I know that the commutator is defined as $[A,B]=AB-BA$, but if $A$ and $B$ are operators, how do I multiply operators? For example, if I have
$$A=-4 \partial_x^3 + 6u(x,t) \partial_x + 3u_x$$
and
$$ B=-\partial_x^2 + u(x,t),$$
how do I obtain the commutator?
On
To calculate the commutator, it's best to do it by acting on a (sufficiently smooth) function. We interpret $AB$ and $BA$ as composition of operators. So, we'd want to calculate $$[A,B]f=A(Bf)-B(Af).$$ In this case, we find that \begin{align*} B(Af)&=(-\partial_x^2+u)(-4\partial_x^3 f+6u\partial_x f+3\partial_x uf)\\ &=4\partial_x^5 f-6(u\partial_x^3 f +2\partial_x u\partial_x^2 f+\partial_x^2 u\partial_x f)\\ &-3(\partial_x u\partial_x^2 f+2\partial_x^2 u\partial_x f+\partial_x^3 u f)\\ &-4u\partial_x^3 f+6u^2\partial_x f+3u\partial_x u f, \end{align*} for the second piece. I'll let you compute the first term, which is longer.

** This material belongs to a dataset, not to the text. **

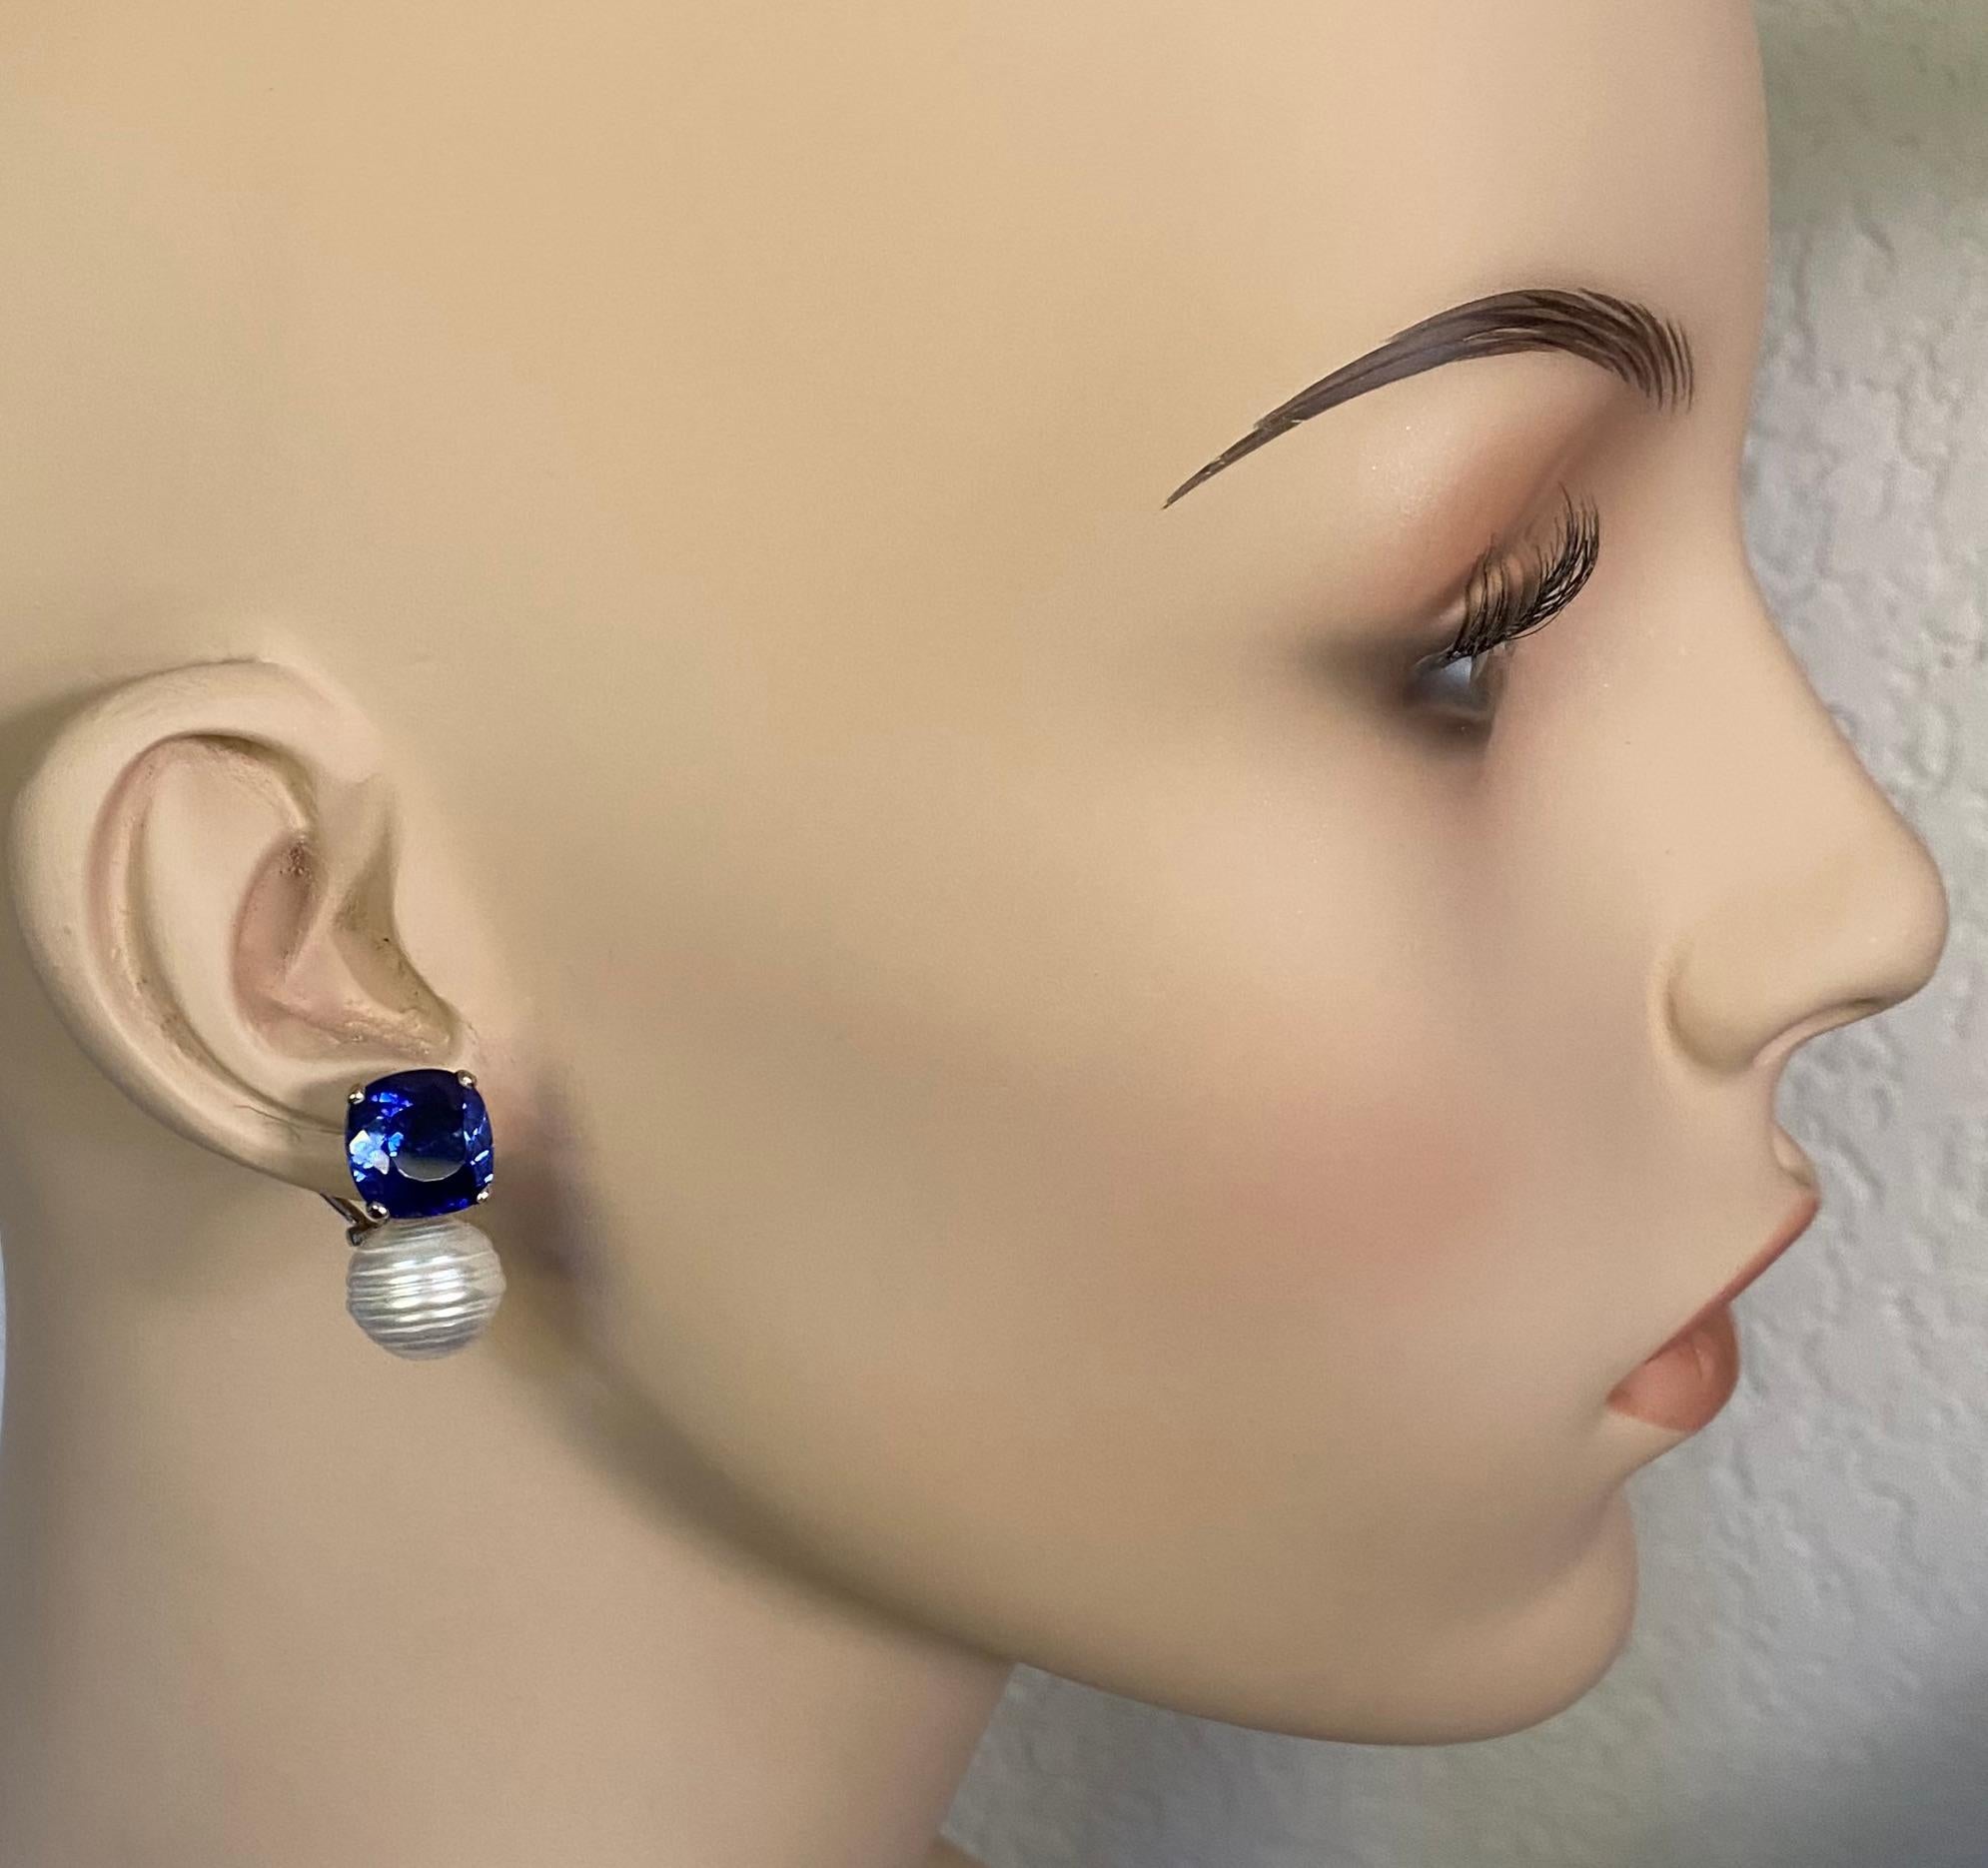 Blue sapphires are paired with Paspaley South Seas circle' pearls in these Due Gemme drop earrings.  The sapphires (origin: Thailand) are a rich, velvety blue, cushion shaped and are very well cut and polished.  The sapphires are complimented by 12

Take a function $f$, then define $[A,\,B]$ as the operator satisfying $[A,\,B]f=A(Bf)-B(Af)$. For example, if $g$ is a function and $I$ is the identity operator,$$[\partial_x,\,gI]f=\partial_x(gf)-g\partial_x f=(\partial_x g)f\implies[\partial_x,\,gI]=(\partial_x g)\cdot I.$$We usually drop the explicit $I$s, viz. $[\partial_x,\,gI]=(\partial_x g)$.